WORK INSTRUCTION
In the material below, find the line with "Emil Dardak Wagub" and the line with "blood donation banner". Output exactly those two lines and all lines between them, leaving out pictures.

DATA RECORDS
┌────────

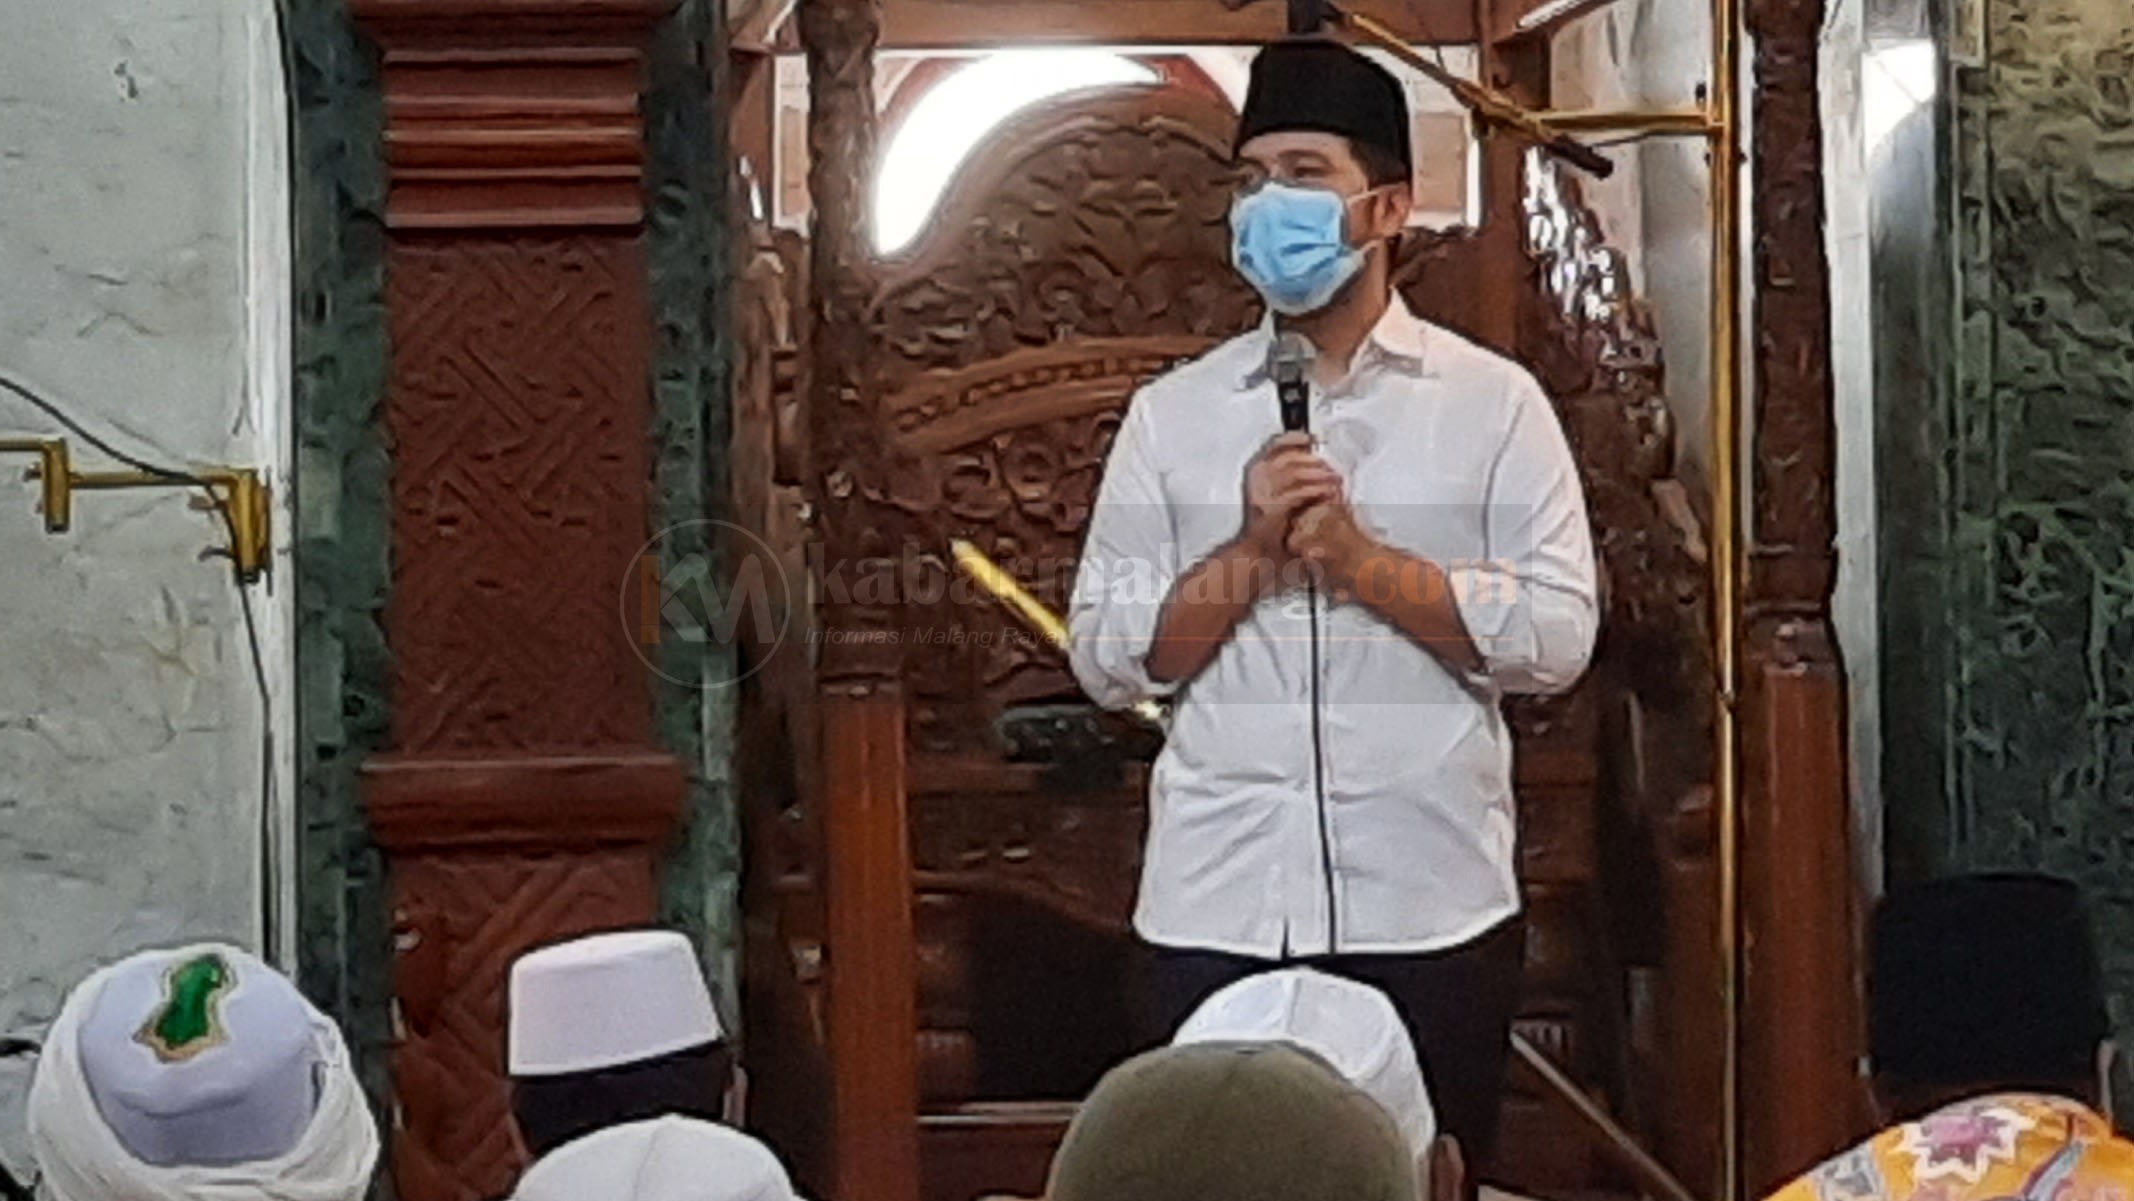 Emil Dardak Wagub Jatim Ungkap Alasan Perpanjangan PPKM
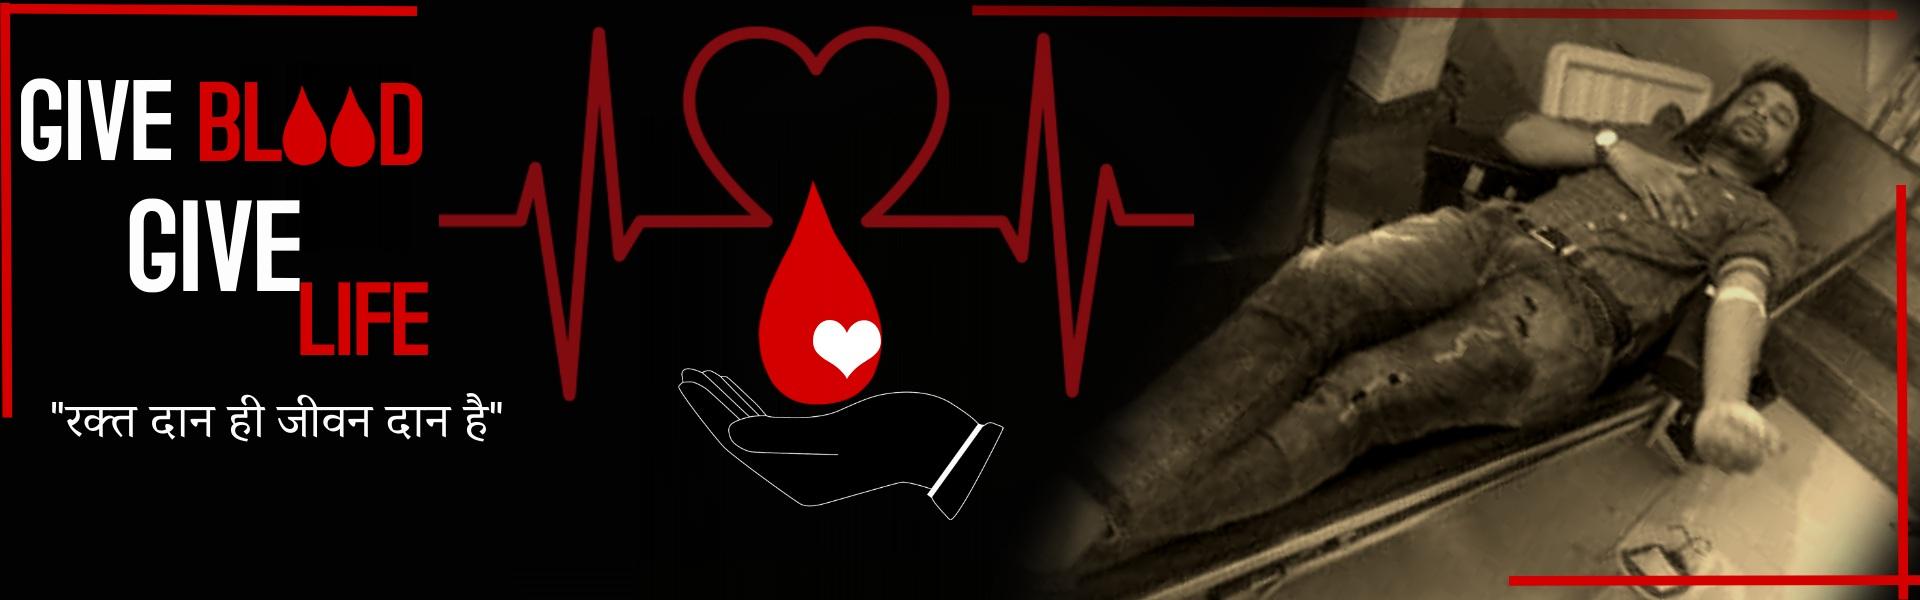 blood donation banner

└────────
┌────────

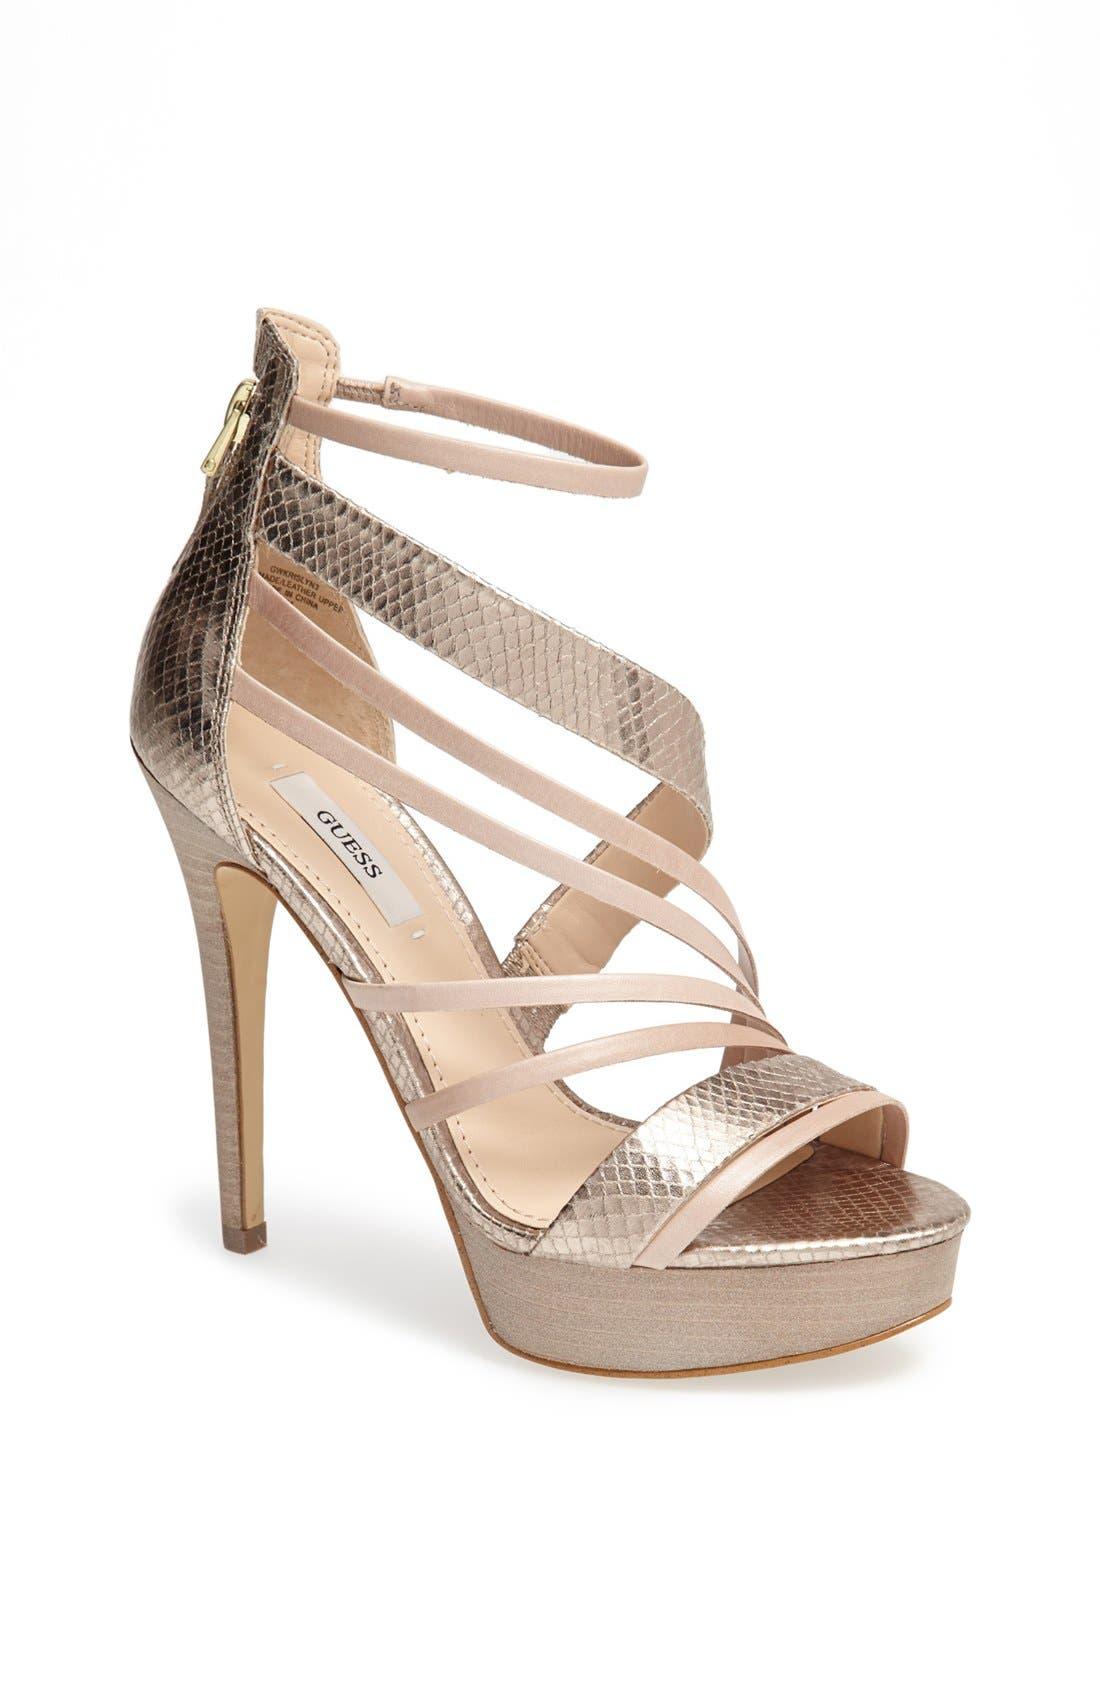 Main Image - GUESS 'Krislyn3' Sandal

└────────

ANSWER TO THIS EXERCISE
 Emil Dardak Wagub Jatim Ungkap Alasan Perpanjangan PPKM
 blood donation banner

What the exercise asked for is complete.